Tuning for resources like the job executor thread pool, start with small numbers and incrementally increase them. If you start with too large a value, you have to check two measurements at once: increasing and decreasing.

Guesswork can lead to incorrect conclusions. It is recommended to set up the load testing environment and generate load to saturate all resources. This allows you to optimize your system according to your specific load scenario. It is challenging, especially because you usually have to simulate service calls, thus simulating realistic response times.

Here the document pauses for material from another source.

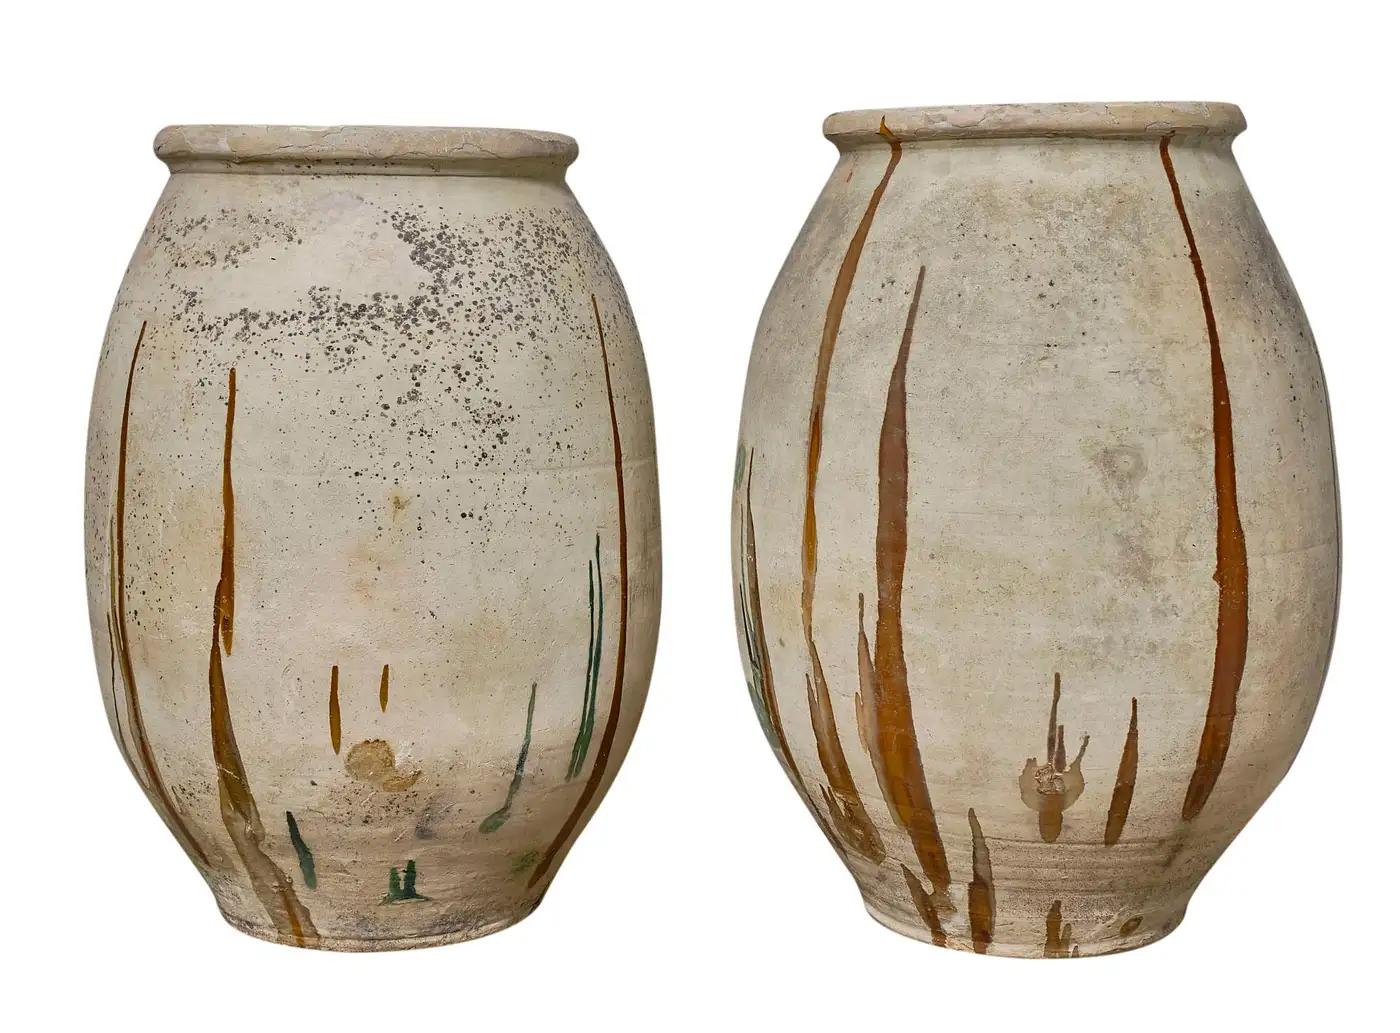 Indulge in the allure of these expansive antique Biot pots, once vessels of precious oils. Adorned with an interior glaze reflecting the distinctive palette of Southern France, these pots boast impeccably preserved original finishes. A splendid

A good compromise is often:

  • Monitor the load on your production systems (as mentioned above, e.g., through database queries).
  • Change settings and check the impact over time. Note: The above-described approach is practical. Production load can vary significantly, so plan enough time to allow regression to the mean and monitor other performance indicators, such as process instances, to realistically evaluate results.
⚠️

Note: The above-described approach is practical. Production load can vary significantly, so plan enough time to allow regression to the mean and monitor other performance indicators, such as process instances, to realistically evaluate results.

Problems and Solutions

Below are common scenarios that could potentially cause issues. Be sure to read the section on Handling Data in Processes (opens in a new tab) to understand best practices for working with potential data flows and business data in QBPM.

Performance Decreases After Saving Large Files as Variables

Problem:

  1. Selecting BLOB leads to massive memory allocation.
  2. Operations become more costly (e.g., VACUUM).
  3. Replication becomes slower.

Solution:

  1. Store large files in a dedicated third-party CMS.
  2. Save a reference to the file only as a variable in Camunda.

In the Database, the Variable Size Exceeds 4000 Characters

Problem:

  1. When saving string-type variable values, the character limit for Postgres is 4000.

Solution:

  1. Reduce the length of the value.
  2. Save the string as an object in Postgres.

Optimistic Locking Exceptions Occur When Updating Variables Using the API

Problem:

  1. The same variables are updated by multiple workers, consequently updating the same row in the database.

Solution:

  1. Use the local API when updating variables. You should combine this with input/output mappings to have access to variables in subsequent actions.